Exercise input below:
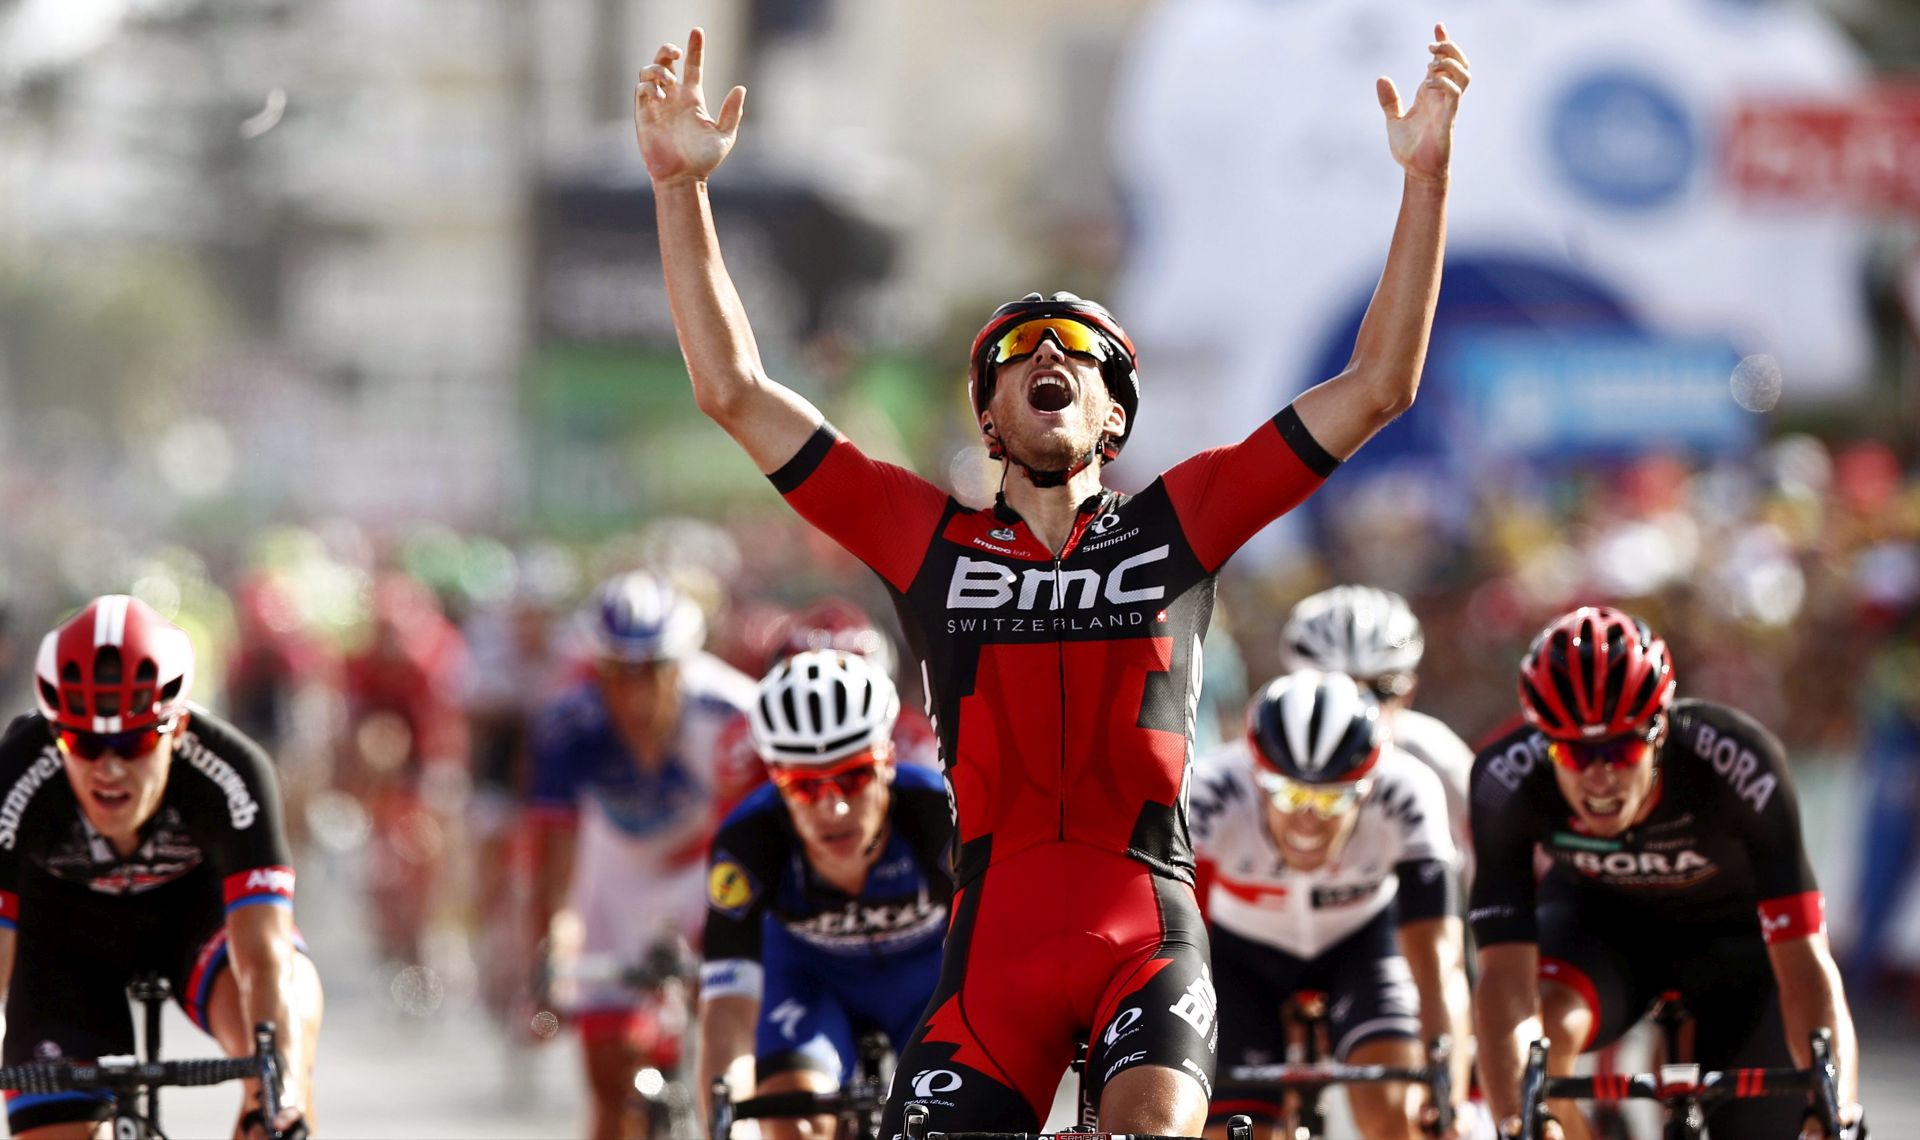 epa05525637 Luxembourg rider Jean-Pierre Drucker (front) of the BMC Racing Team celebrates while crossing the finish line to win the 16th stage of the Vuelta a Espana cycling race over 156.4km from Alcaniz to Peniscola, Spain, 05 September 2016.  EPA/JAVIER LIZON
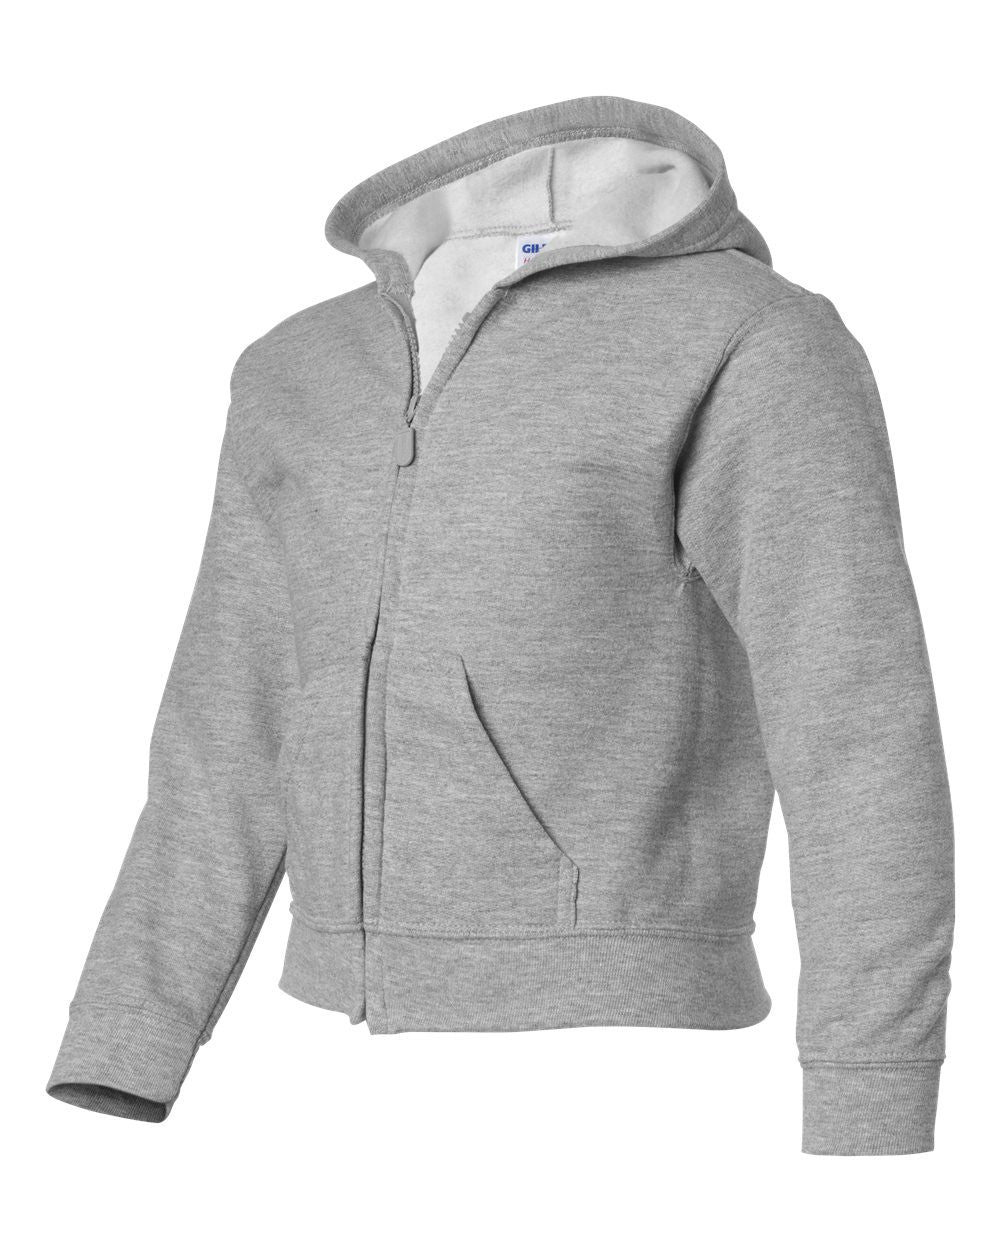 Youth Zip Hoodie Upgrade for Your Airbrushed Design
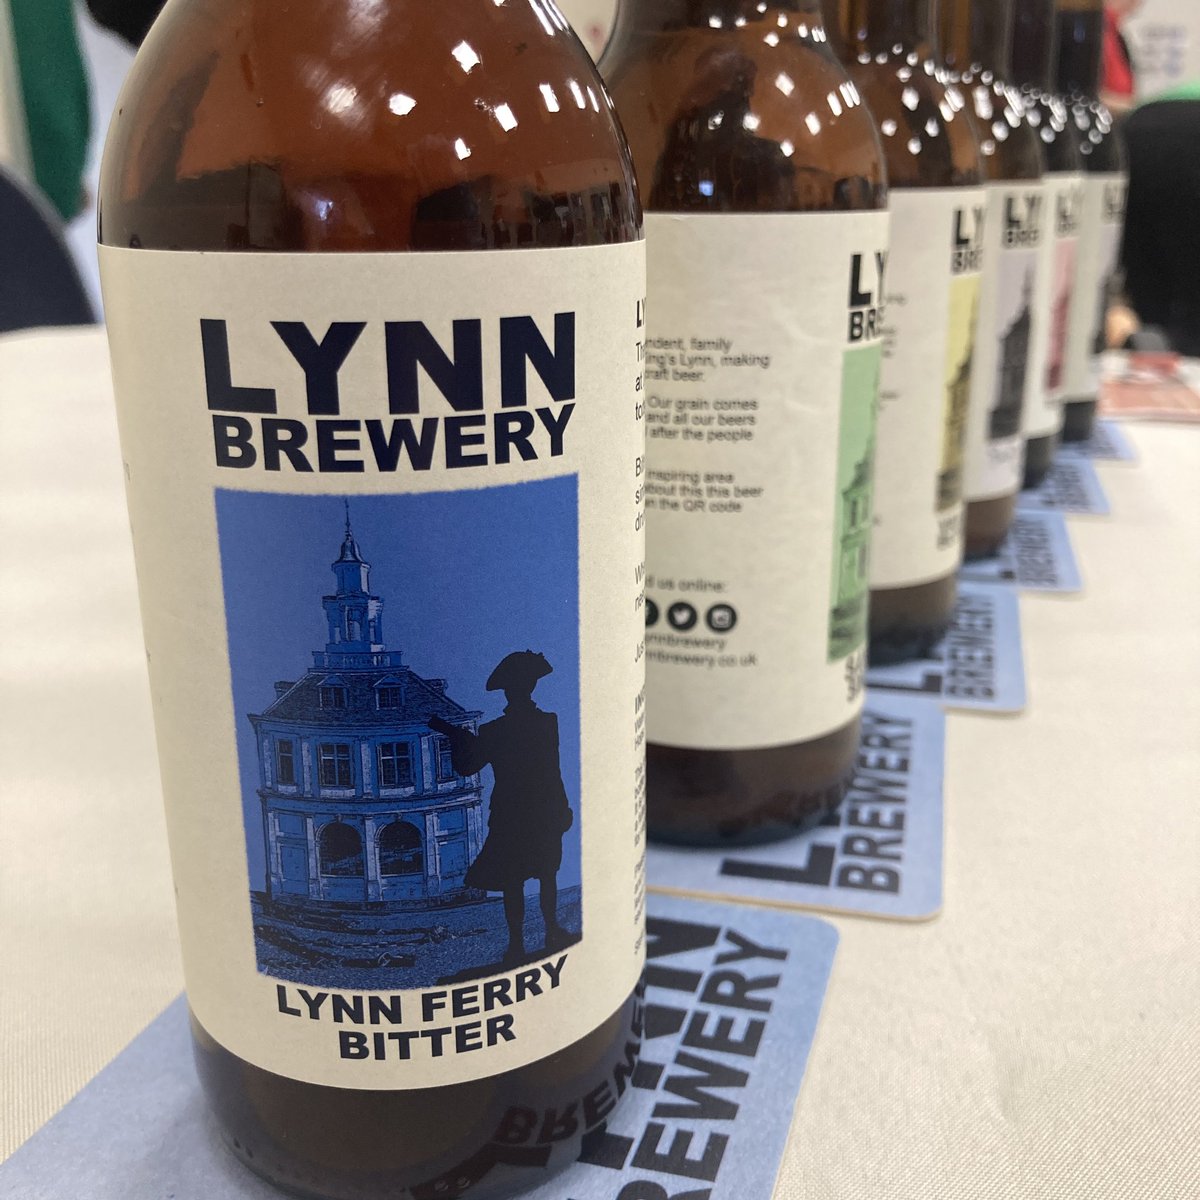 Open now at North Wootton Village Hall! Lynn Ferry Bitter is back in stock, together with several other beers, both pale and dark. Hope to see you soon!
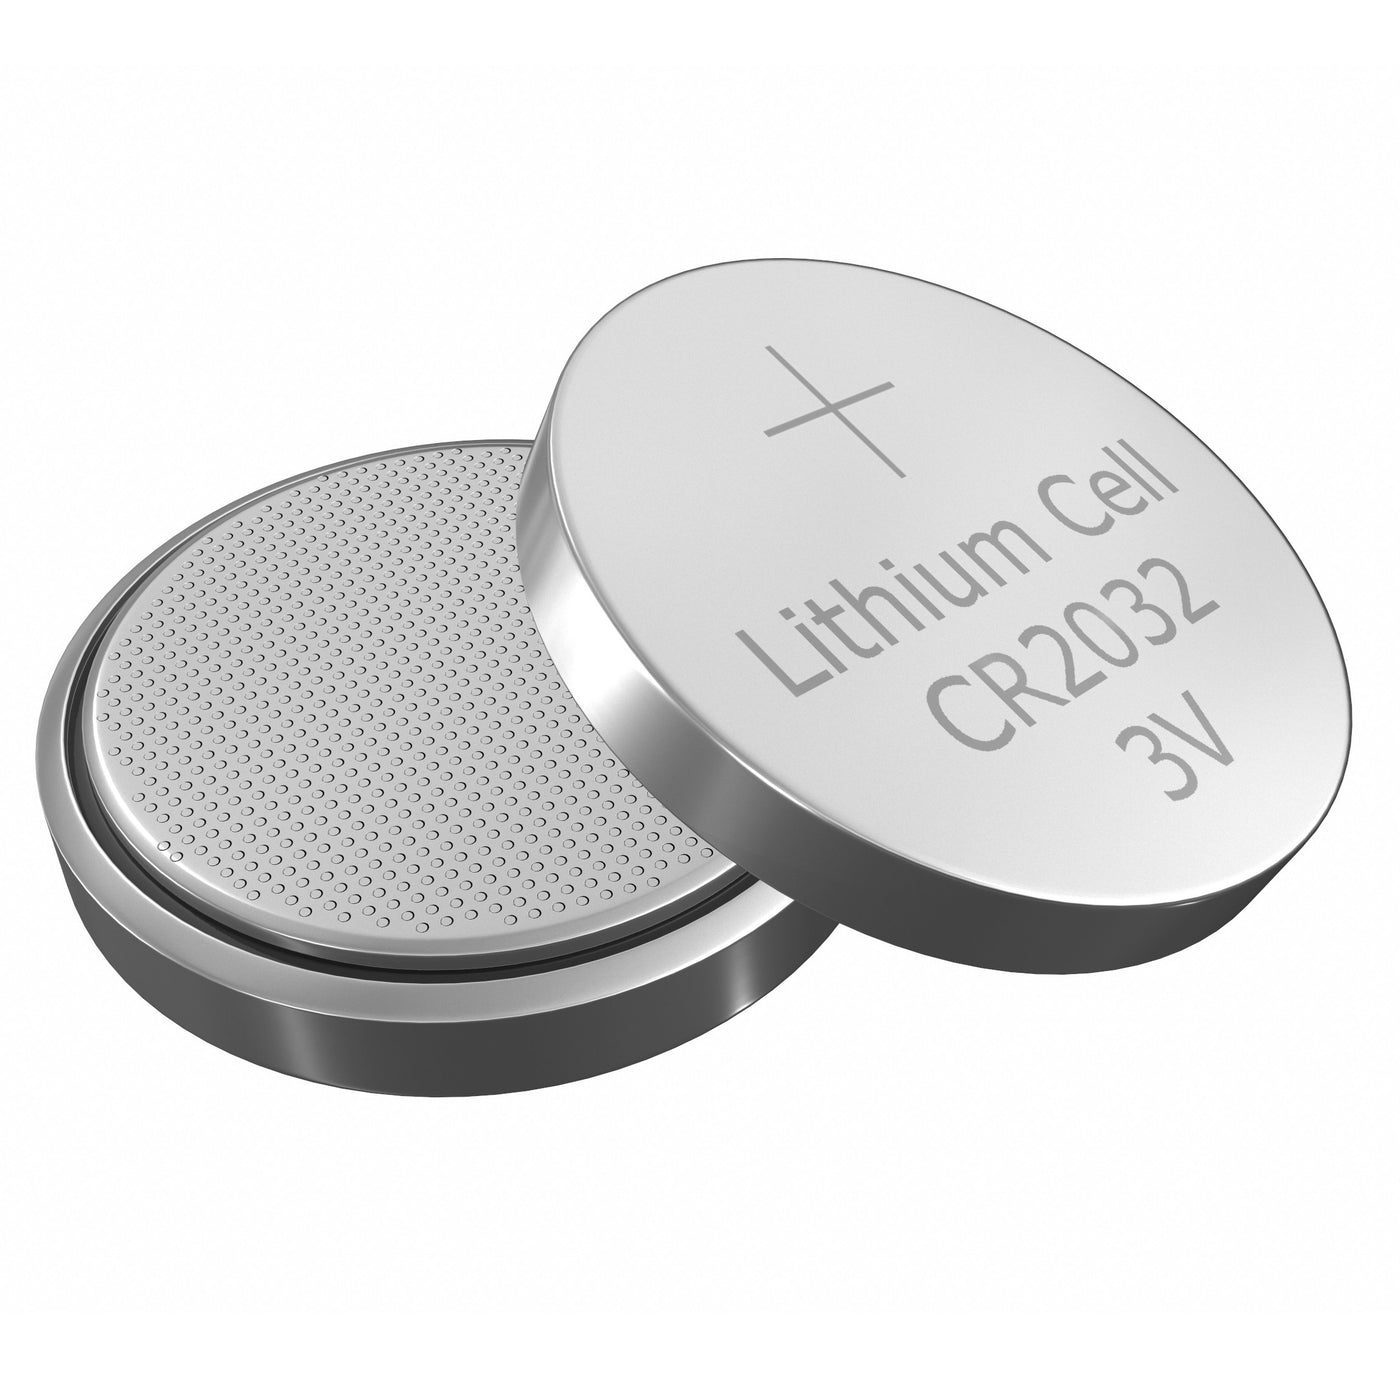 P001965 - Lithium button cell battery CR2032 3V
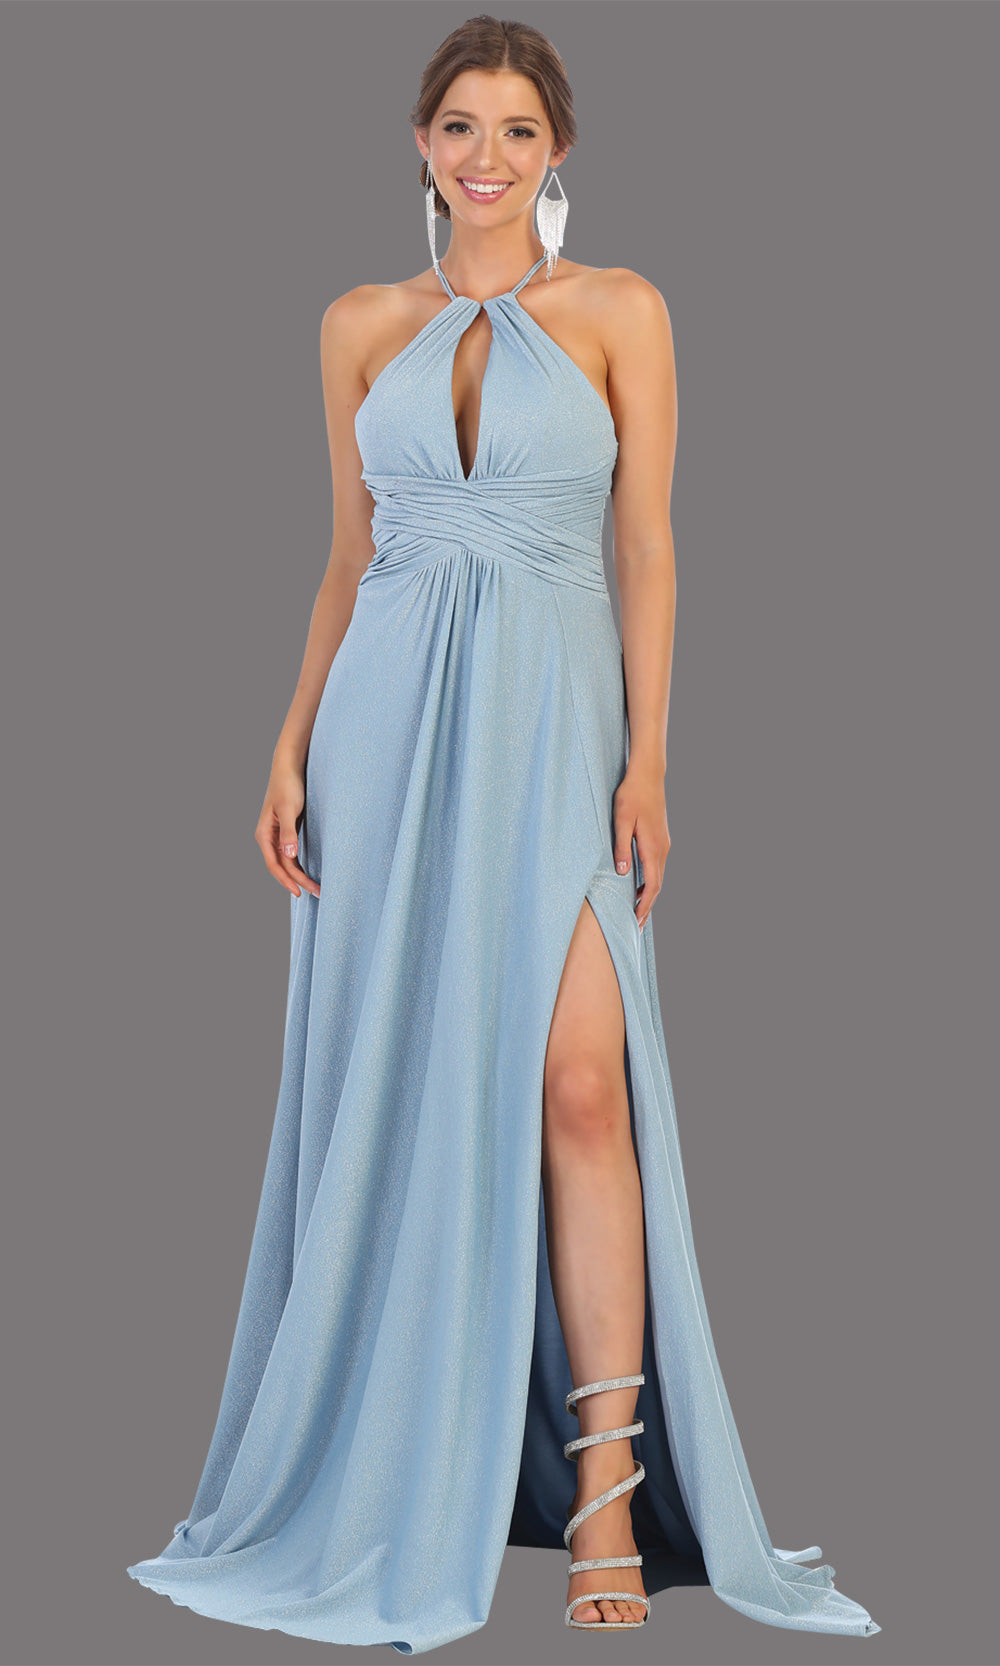 Mayqueen MQ1729 long dusty blue flowy dress w/ high neck & high slit. This light blue dress is perfect for bridesmaid dresses, simple wedding guest dress, prom dress, gala, black tie wedding. Plus sizes are available, evening party dress.jpg
End of Exercise input.
Try it → Where the line with "Open now at" appears, begin there and transcribe exactly through the last line of the data, leaving all pictures aside.

Response area →
 Open now at North Wootton Village Hall! Lynn Ferry Bitter is back in stock, together with several other beers, both pale and dark. Hope to see you soon!
 P001965 - Lithium button cell battery CR2032 3V
 Mayqueen MQ1729 long dusty blue flowy dress w/ high neck & high slit. This light blue dress is perfect for bridesmaid dresses, simple wedding guest dress, prom dress, gala, black tie wedding. Plus sizes are available, evening party dress.jpg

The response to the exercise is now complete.